**COLLECTED MATERIAL**
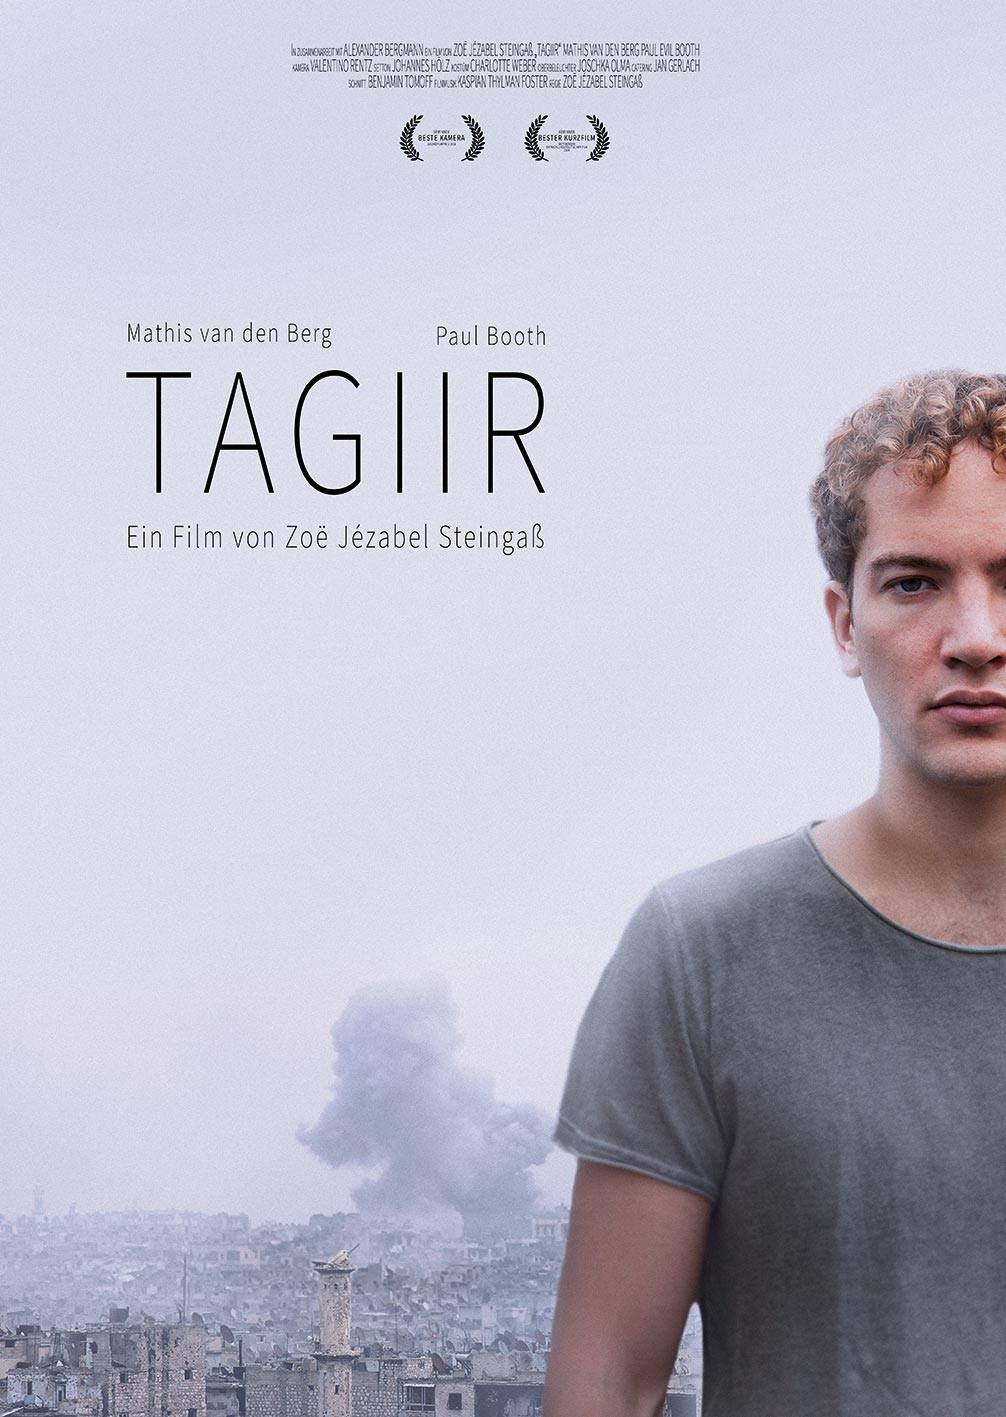 TAGIIR
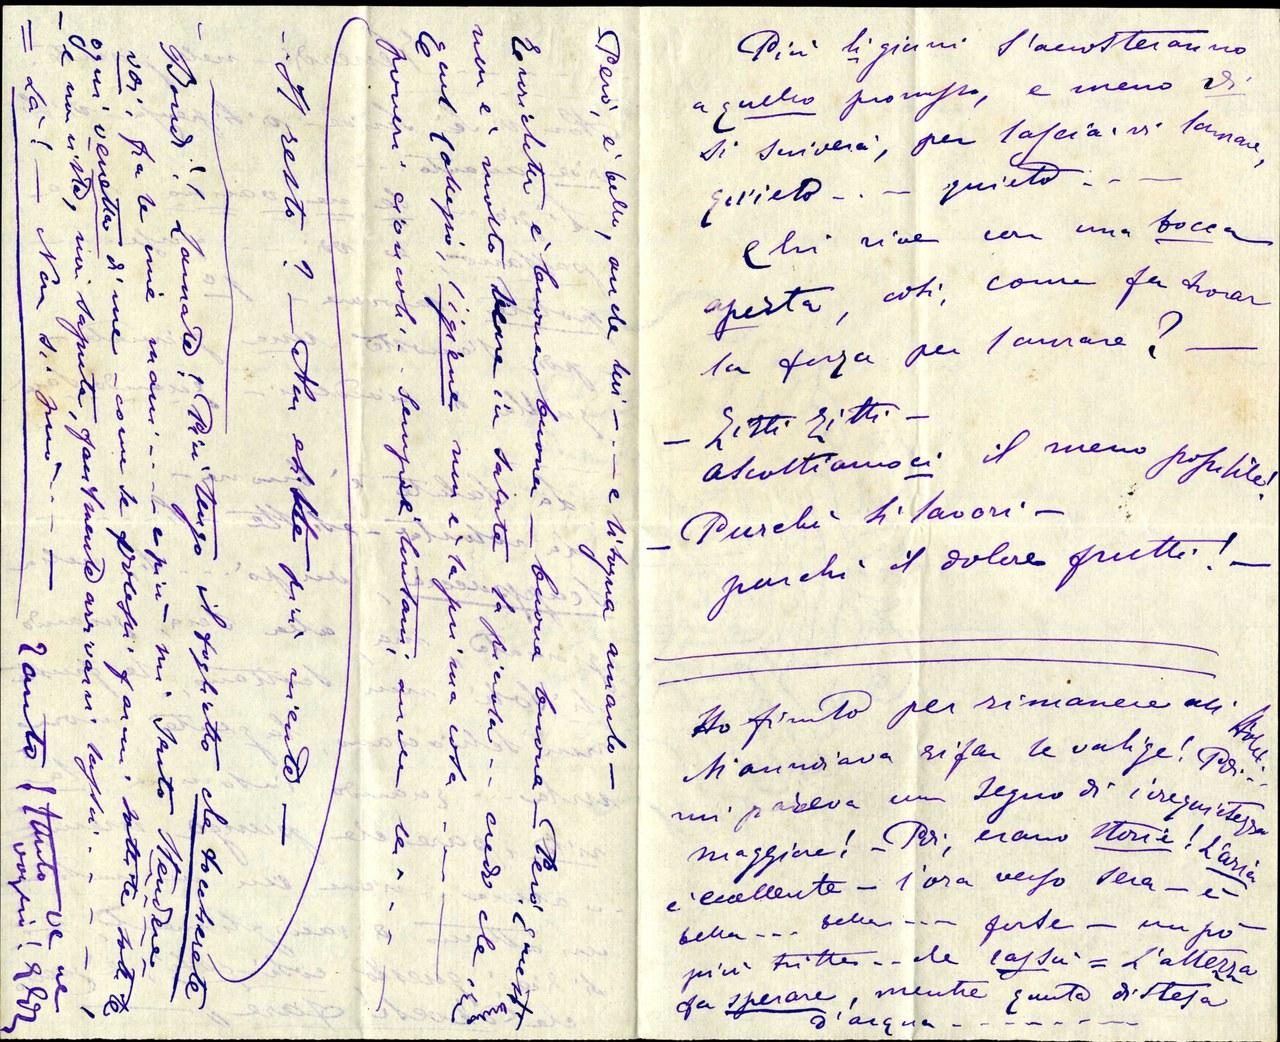 Fig. 2 Lettera di Eleonora Duse ad Arrigo Boito, 23 agosto 1889, Archivio Duse, Istituto per il Teatro e il Melodramma, Fondazione Giorgio Cini, Venezia
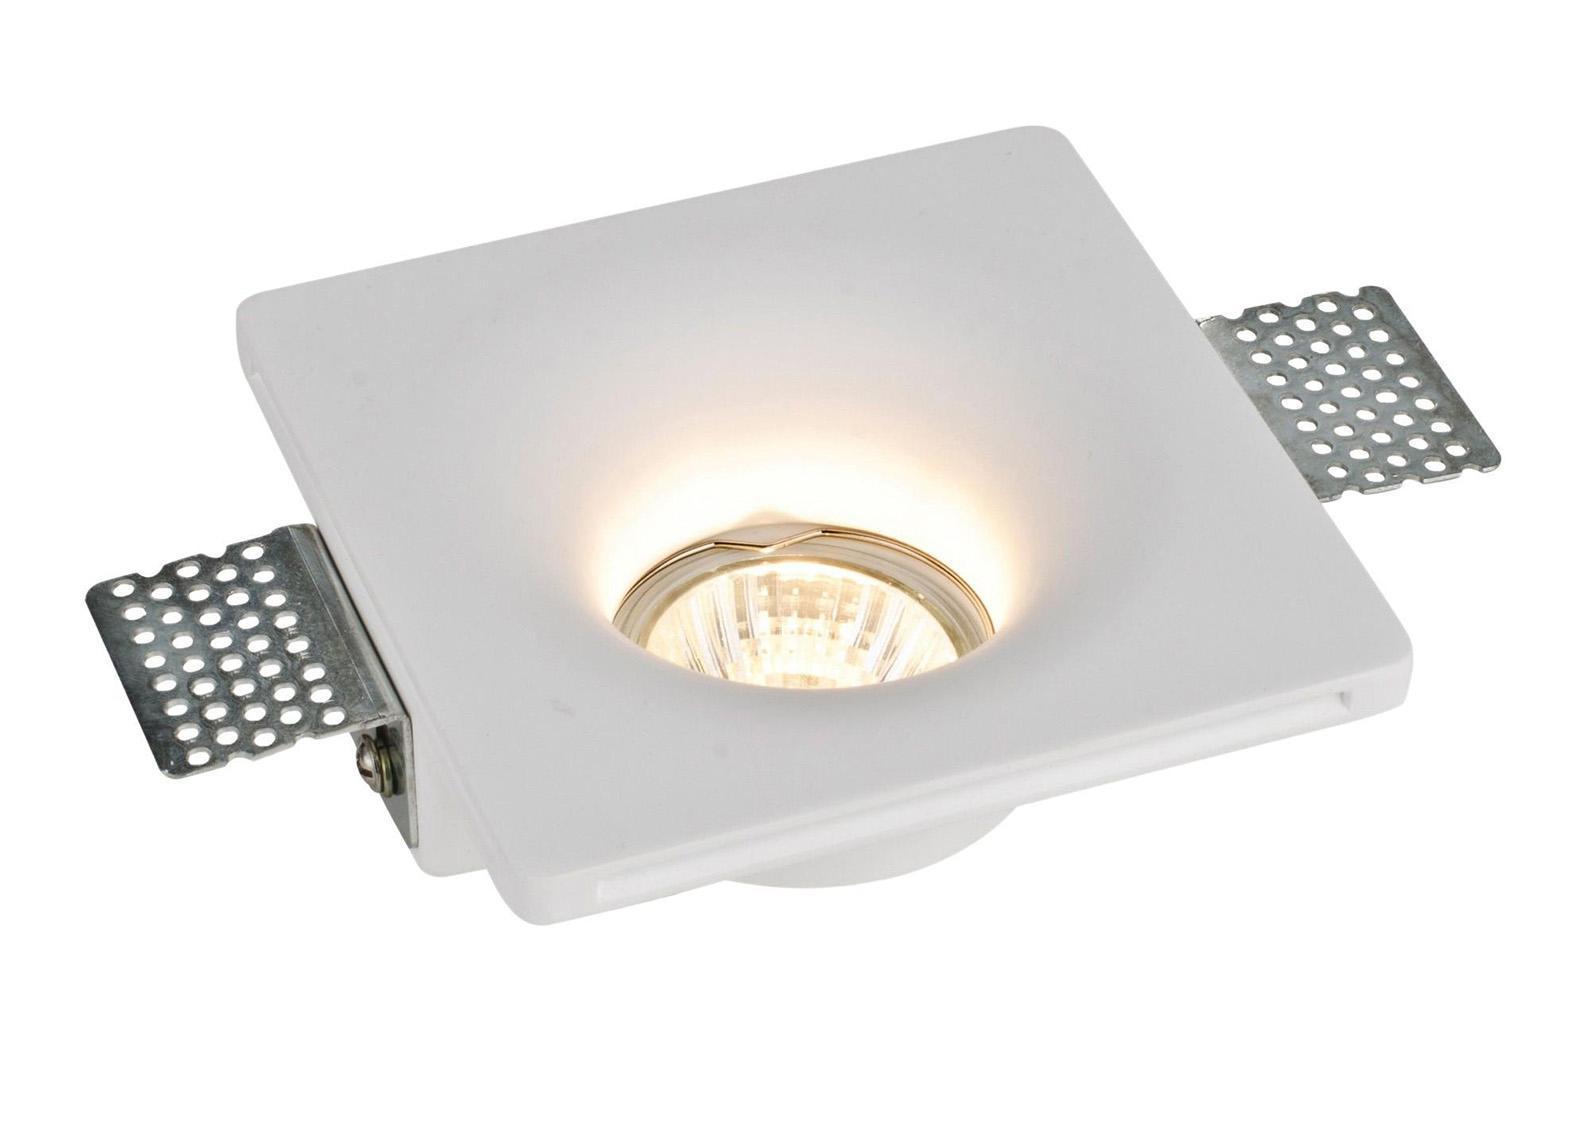 Светильник встраиваемый Arte lamp A9110pl-1wh
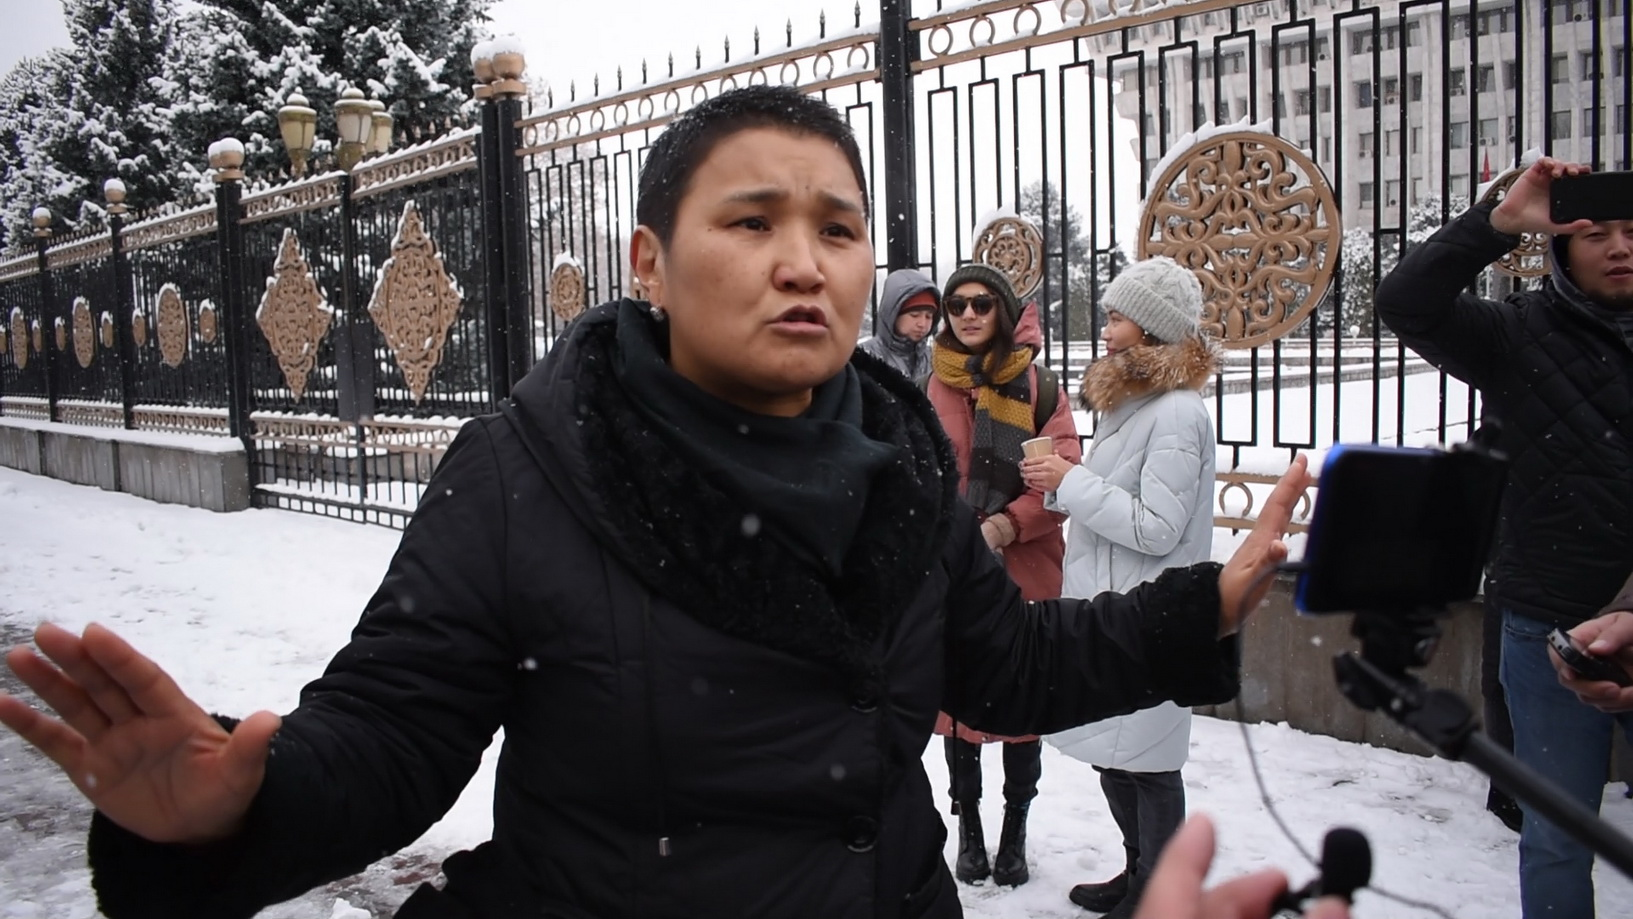 Правозащитники утверждают, что акция была спонтанной, мол, горожане сами вышли на улицу. Другие в ней видят технологии управления людьми, которые применялись в Украине пять лет назад

**EXERCISE REQUIREMENTS**
The response has to be an exact copy of all the data, pictures excluded.

**COMPLETED TASK**
 TAGIIR
 Fig. 2 Lettera di Eleonora Duse ad Arrigo Boito, 23 agosto 1889, Archivio Duse, Istituto per il Teatro e il Melodramma, Fondazione Giorgio Cini, Venezia
 Светильник встраиваемый Arte lamp A9110pl-1wh
 Правозащитники утверждают, что акция была спонтанной, мол, горожане сами вышли на улицу. Другие в ней видят технологии управления людьми, которые применялись в Украине пять лет назад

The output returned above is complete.